What does this mean for emerging market growth?

All this should be supportive of EM economic growth in 2020. Schroders’ Emerging Market Economist, Craig Botham expects EM growth to accelerate from 4.1% in 2019 to 4.5% in 2020.

We also see potential for a positive industrial cycle moving through 2020. The current environment has driven a deterioration in corporate investment and trade and may have driven inventory correction. This industrial cycle may be enhanced by the uplift in growth driven by monetary and fiscal loosening, a moderately weaker dollar and a partial de-escalation in the trade tensions.

This cyclical upturn would likely support an improving growth differential for Europe and EM relative to the US, which should be supportive of dollar weakening. Fiscal attitudes in developed markets, especially in Germany, also bear watching.

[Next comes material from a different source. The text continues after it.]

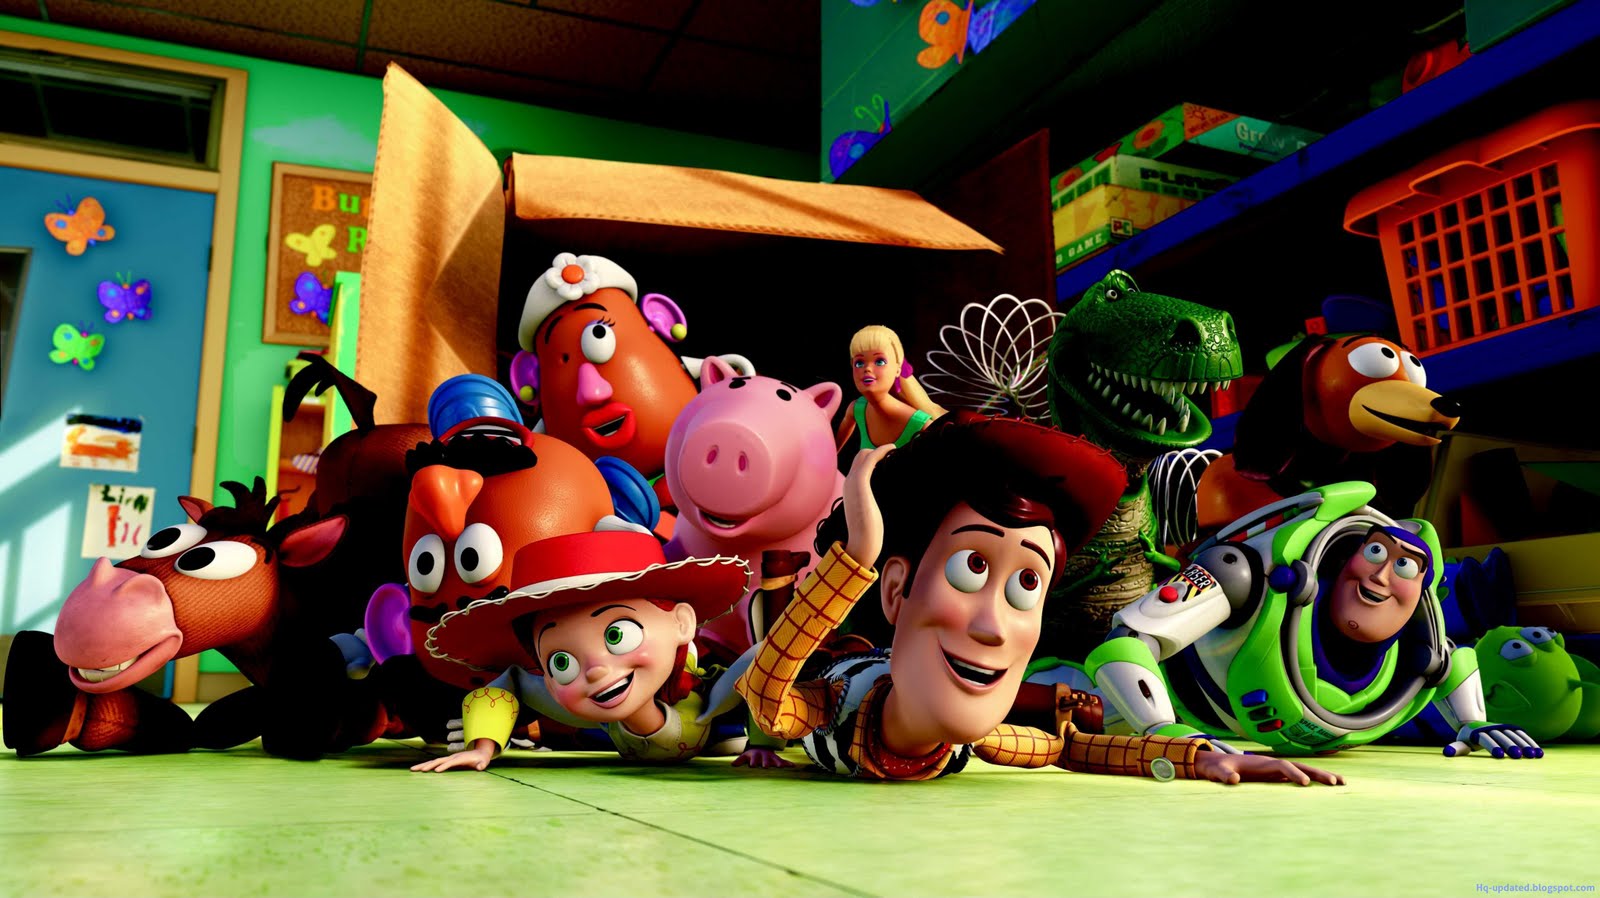 Toy Story 3 2010 Movie HQ Wallpapers Toy Story 3 is an upcoming

Are EM valuations attractive?

2019 has seen materially negative earnings per share revisions and, at +3% year-on-year, earnings growth has underperformed the market return of 10.2% year-to-date (29 November), as measured by the MSCI Emerging Markets Index.

The earnings outlook remains relatively uncertain. However, on the basis of our economic outlook, earnings could deliver in line with consensus expectations, currently +12%, in 2020 and valuations for EM remain relatively attractive, especially in some cyclical areas of the market.

The balance of risks looks favourable for EM equities in 2020

In our view, the balance of risks looks to be favourable for EM, in terms of the trade tensions and potential dollar weakness. We see EM growth improving in 2020 as a function of monetary, and in certain cases fiscal, easing and there is scope for a moderate industrial cycle. Valuations are reasonable and earnings expectations for 2020 could be met.

On the other hand, the relationship between the US and China remains uncertain. Furthermore, the global environment remains one of excess debt and secular stagnation, with underlying growth slow; and markets in general have had a strong year as a function of the pivot to policy easing. We also believe that the recovery in growth will be moderate. Hence, we are positive on the outlook for EM equities in 2020, albeit cautiously.